Вот и настал этот день.
Город всегда поражал ее людской суетой. Будто страшная беда обрушилась, и люди бегут кто куда в поисках спасения, и в панической спешке перестают понимать и даже просто видеть друг друга. Так она воспринимала городскую круговерть, в которой ни у кого нет времени порадоваться встречному, поговорить от души, не отделываясь торопливыми, пустыми словами.
Она и сама, словно захваченная течением, шла быстрее обычного, тянула за руку не поспевающего за ней ребенка. Встречаясь взглядом с незнакомыми людьми, всякий раз обмирала, будто каждый встречный мог догадаться о ее замысле и остановить ее. Знала, что это не так, что им не до нее – у каждого свои заботы, да и в их глазах было больше безразличия, чем интереса, но и сочувствие иногда проскальзывало, и тогда ей казалось, что встречные не только понимают, но и оправдывают задуманное ею.
Чем ближе становилась автобусная станция, тем меньше уверенности оставалось у Матроны, тем сильнее била ее внутренняя дрожь. Боялась – вдруг Гафи не придет, и тогда вообще непонятно, что делать. Обманула родителей – как теперь отведешь к ним ребенка? И в село возвращаться нельзя, Егнат только и ждет этого… Куда же деваться им, если не придет Гафи?
Эта мысль приводила ее в отчаяние, но втайне от самой себя она боялась и другого, стараясь не думать об этом, но страх пробивался сквозь внутренний запрет, подступая к сердцу, сжимая его до боли. Она боялась, что Гафи не придет, и в то же время страшилась встречи с ней и, пытаясь хоть как-то оттянуть этот миг, то и дело замедляла шаг. Иди же, иди, уговаривала она себя, не останавливайся, перед смертью не надышишься. Если уж выпала такая судьба, плачь-не плачь, а разлучиться с сыном придется.
Когда они пришли на автобусную станцию, она сразу же заметила Гафи – та разговаривала с какой-то женщиной, но взглядом искала ее, Матрону. Увидев Гафи, Матрона непроизвольно подхватила ребенка на руки, прижала к себе, будто от своры собачьей защищая. И тут же в ней вспыхнула ненависть к себе самой, из глубины души ее восстал голос, насмешливый и суровый в то же время: “Ты не за жизнь ребенка тревожишься, ты хочешь отдать его в чужие руки, чтобы освободиться от забот и жить в свое удовольствие. Вот и придумала, что боишься за сына и делаешь все это, чтобы спасти его”. Голос был так убедителен, что она засомневалась в своем замысле, показавшемся ей вдруг пустым и бестолковым.
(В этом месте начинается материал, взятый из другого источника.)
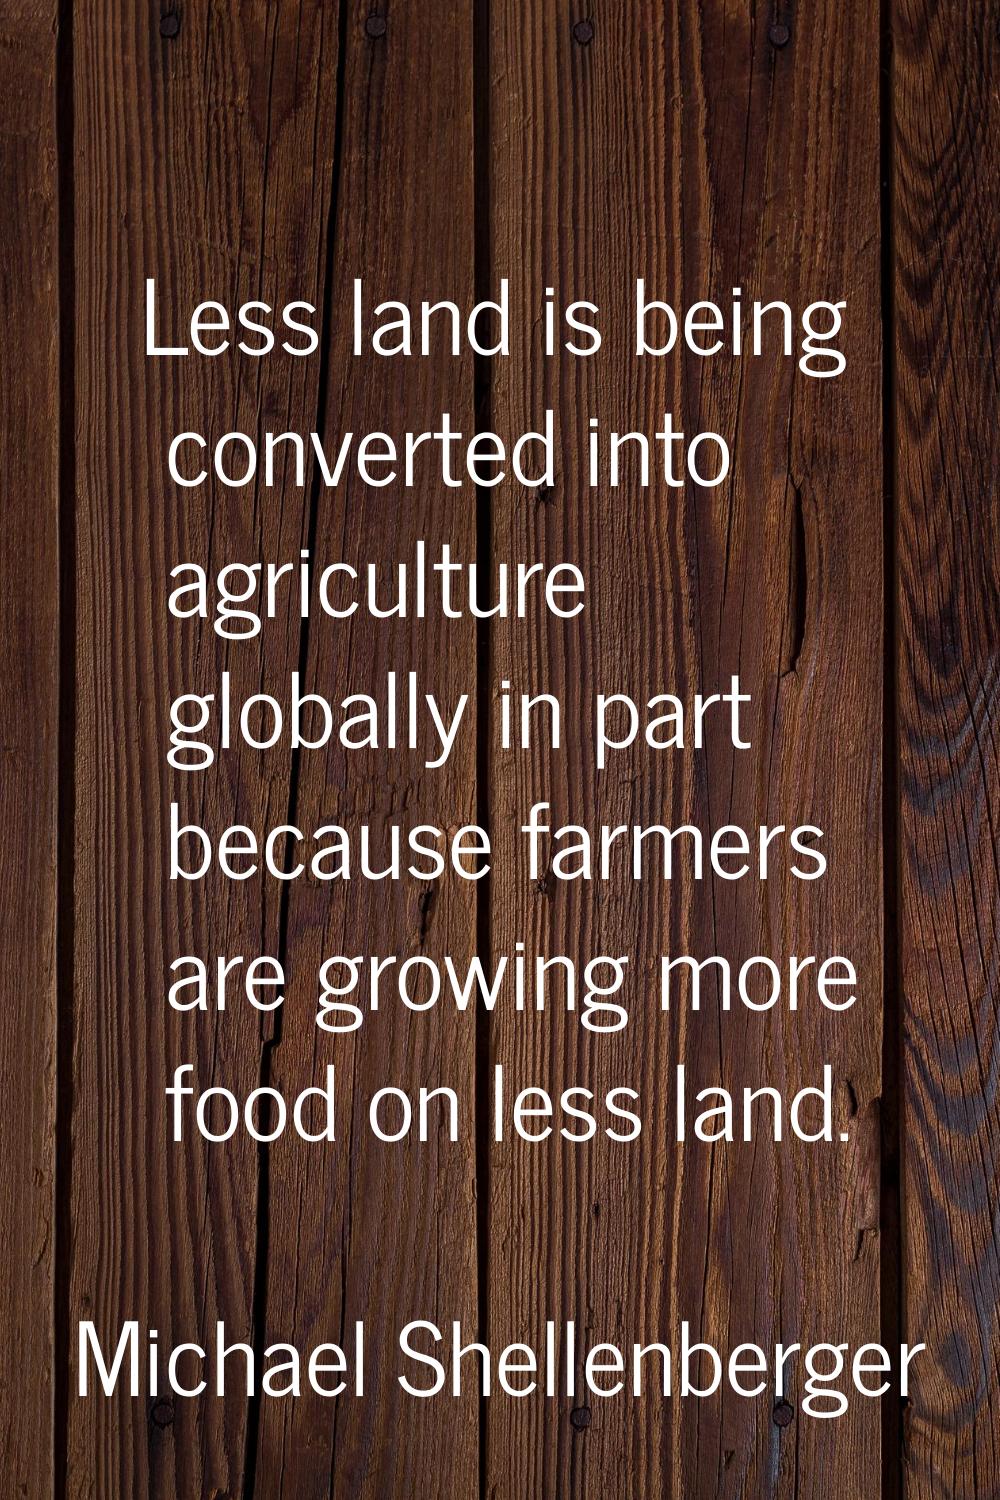 Less land is being converted into agriculture globally in part because farmers are growing more foo

И она спросила себя, приходя в отчаяние: “Что же я делаю? – и, не зная ответа, продолжала: – Кто такой Егнат и почему я боюсь его? Или мне только кажется, что боюсь, а на самом деле и вправду ищу для себя легкой жизни? А если и боюсь, почему отрываю от себя ребенка? Почему не уеду куданибудь, хоть за семь перевалов, но вместе с ним? Ведь я же понимаю, что только со мной он будет в безопасности… А люди что скажут? Зачем мне людские пересуды, когда дело касается моего ребенка?”
Она сомневалась, а ноги будто сами несли ее в сторону Гафи, и уже невозможно было остановиться. Казалось, какая-то темная сила довлеет над ней, подавляя и принуждая делать то, чего она никогда бы не сделала по доброй воле.
Гафи, как бы мельком глянув в ее сторону, дала понять, что видит ее.
Матрона сильней прижала к себе ребенка и, втайне надеясь на отрицательный ответ, спросила взглядом – сладилось ли дело?
Гафи утвердительно кивнула головой, и Матрона поняла – дороги назад нет. Все кончено.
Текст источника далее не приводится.